Hi. Hi there. Thanks for coming along.
You’re maybe wondering who the hell I am. Well, I’m a person called Cat Harrison. I work in the arts, which, as many of you will correctly infer means I have several jobs, but mostly I work as an artist and as a producer in London. On one hand I work as the Assistant Artists’ Advisor and Producer at Artsadmin and on the other I work as an artist and co-founder of interactive theatre makers non zero one.
Sometimes I refer to myself as a “slashie”, being an artist/ producer, and sometimes I refer to myself as an “arts professional” – usually this is when I’m meeting someone not from the arts and I’m trying to sound suitably serious without going into too much convoluted detail as to what I actually do.
I officially started my arts career in 2009, and today I’d like to talk to you about what it’s like being an emerging arts-professional in the recession, and how I think we might be able to use the current changes happening to improve our situation.
Ben Summerskill, of gay rights group Stonewall said, “If everyone in the room agrees with you, then you’re probably in the wrong room”. So I’ll try to offer some provocations and I’d be really interested to hear your thoughts now or afterwards, as this is what my peers seem to be chatting a lot about.
So, I should get started. It’ll come as no surprise that we are currently in a crisis, aka the recession. And the title of this talk “Give change a chance” probably feels a bit moot, as we’re all having to go through changes whether we like it or not.

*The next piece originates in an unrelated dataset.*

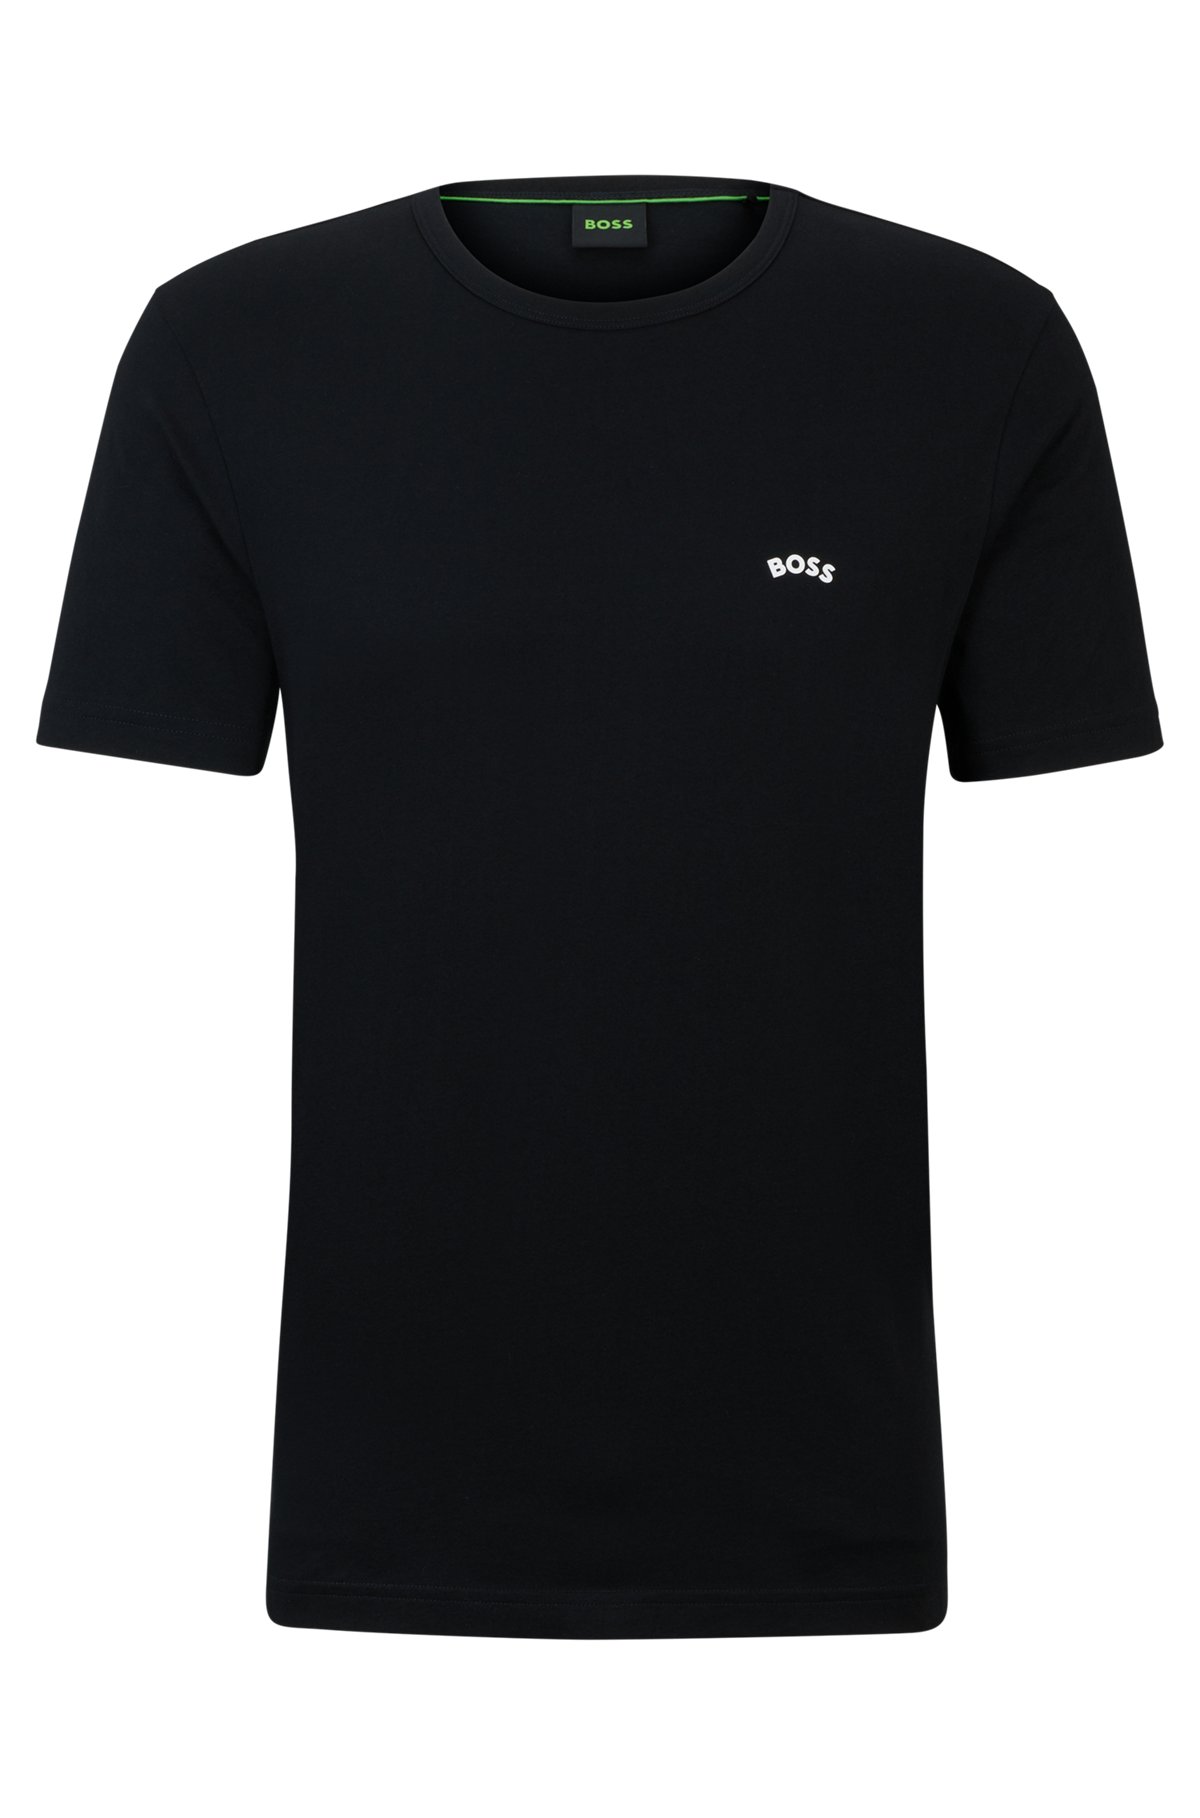 Cotton-jersey T-shirt with curved logo, Black

There is some debate over when the recession actually started, but generally it is accepted that by January 2009 we had had two consecutive years of falling GDP and so we were in economic crisis. I graduated in the summer of 2009, so working full-time in an age of austerity is all I’ve ever known. It’s my norm.
It’s normal to me that many of my friends still live with their parents (the last survey in October 2012 states that there are 2.9million, or a quarter of people aged 20-34 living with their parents). It’s normal that everybody else rents and house-shares. I have many friends who are unemployed and have been looking for work for over 3 months. It is unusual for any of my friends under the age of 34 to have invested in property.
In terms of my friends in the arts, any kind of regular employment is considered luxurious.
My well-to-do arts industry buddies are hitting wages of around £25k-£30k a year. Most, like me, are living at something just under £20k a year and a lot of others (mostly full-time artists) live off an amount much less than that.
But I’m sure this comes as no surprise to you, I’m sure that you know people in this situation – they’re maybe artists you work with, or your employees, or your friends or family members, or even yourself.
However, it does come as a shock to people who don’t work in the arts, and I find that interesting. Because when I ask my civil servant friend if the arts should be cut further – he says yes it should, just like everything else. When I explain that Culture accounts for around 0.4% of government spending, as opposed to the 25% going to the NHS or the 14% going towards running government, it shows what a different league the arts sit in. When I explain that the Culture sector doesn’t really judge success by how much money you’ve made, and that better art isn’t better value for money art, he does listen, and he understands.
Everyone engages in culture on some level and I think we should be doing more to reach the public, rather than the politicians.
In the UK our current Culture Secretary only sees an economic case for the arts and our Education Secretary is trying to squeeze arts out of schools altogether. It seems that they can’t understand how something can be judged on quality, or wellbeing or life value. But their voters can. And politicians do care about their voters. I believe that if we can get the message to the public that they all engage in culture, and that our culture sector is being culled – not reduced, but culled – they will notice. And politicians will notice that.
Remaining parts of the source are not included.